Aim of the task ▸ Beneath this task are records; print exactly the stretch of them from the line with "Cadence-Car-Design-01-01" through the line with "20-metis Chrisas Gueffroy", both ends included.

Input for this task ▸

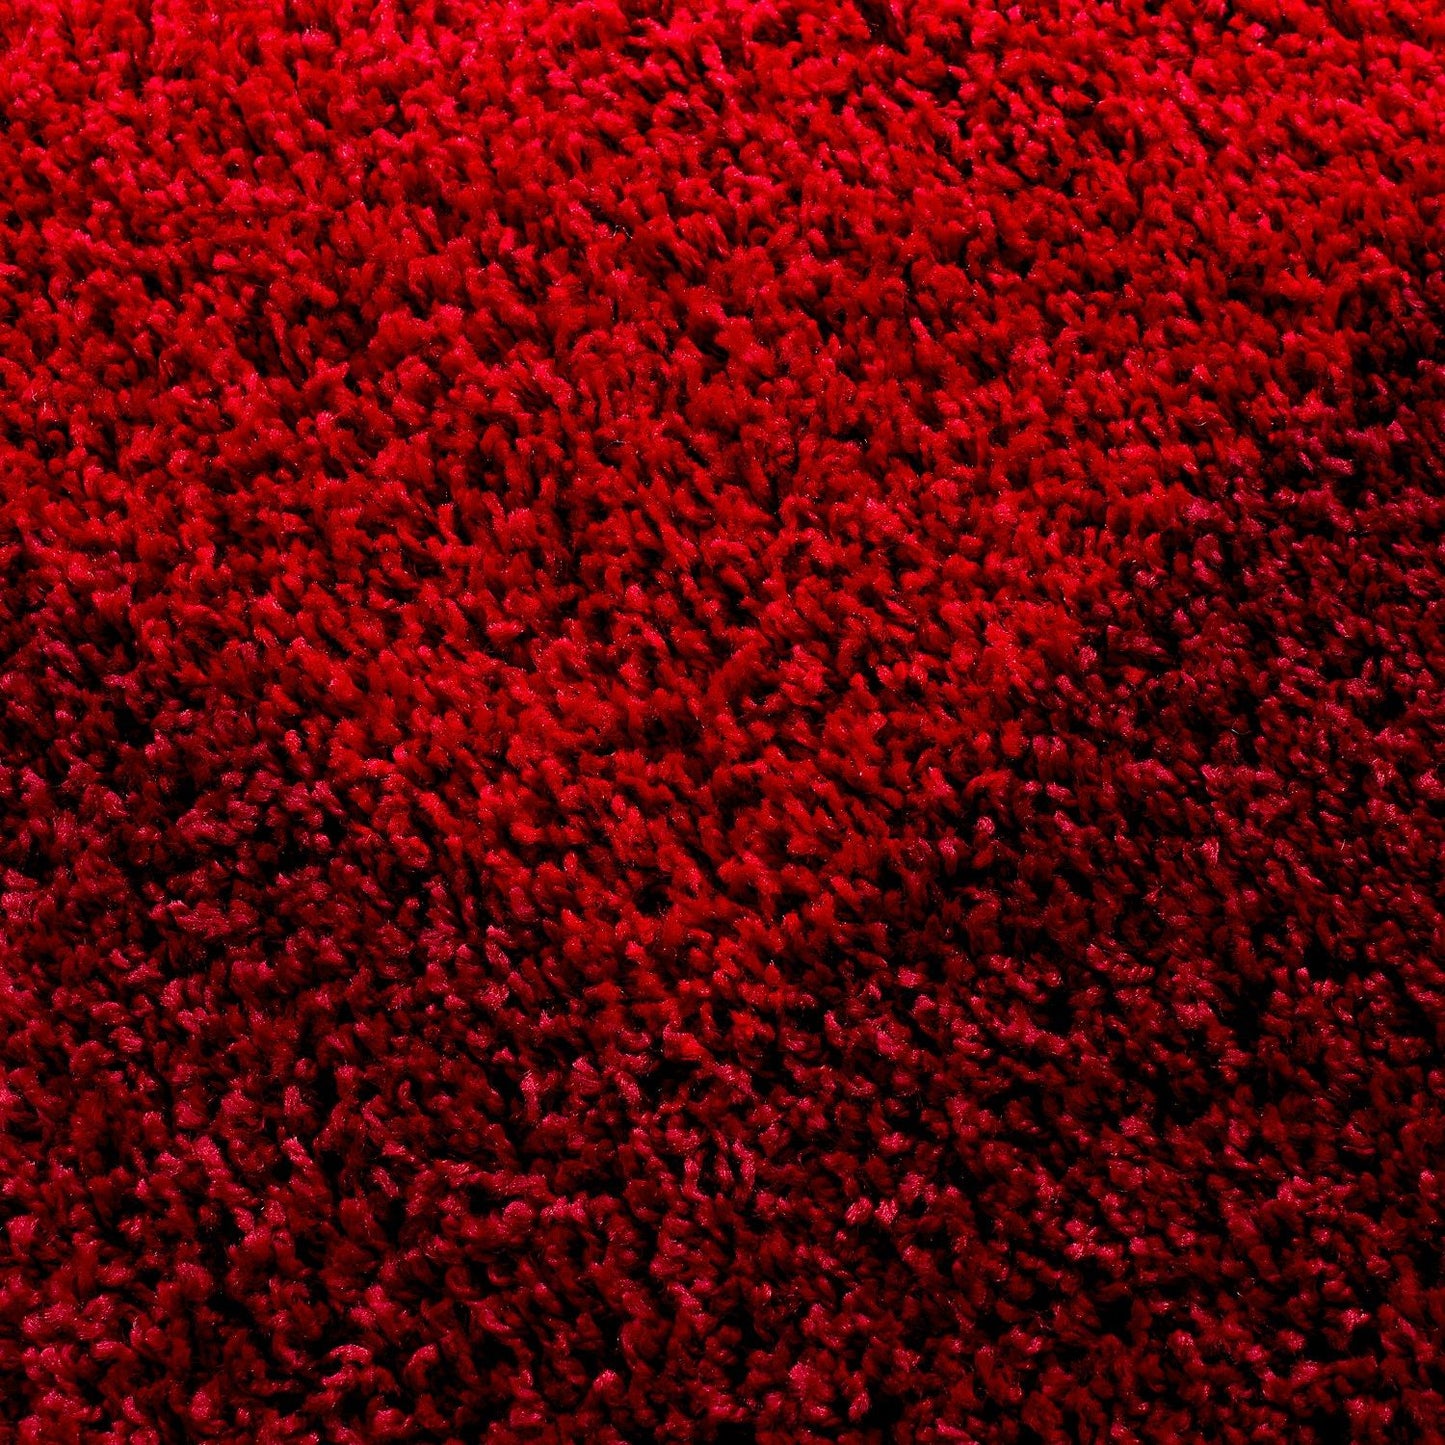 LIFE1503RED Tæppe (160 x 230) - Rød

==

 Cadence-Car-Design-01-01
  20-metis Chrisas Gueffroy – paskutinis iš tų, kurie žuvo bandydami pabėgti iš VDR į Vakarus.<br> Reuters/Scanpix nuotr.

Output for this task ▸
 Cadence-Car-Design-01-01
  20-metis Chrisas Gueffroy – paskutinis iš tų, kurie žuvo bandydami pabėgti iš VDR į Vakarus.<br> Reuters/Scanpix nuotr.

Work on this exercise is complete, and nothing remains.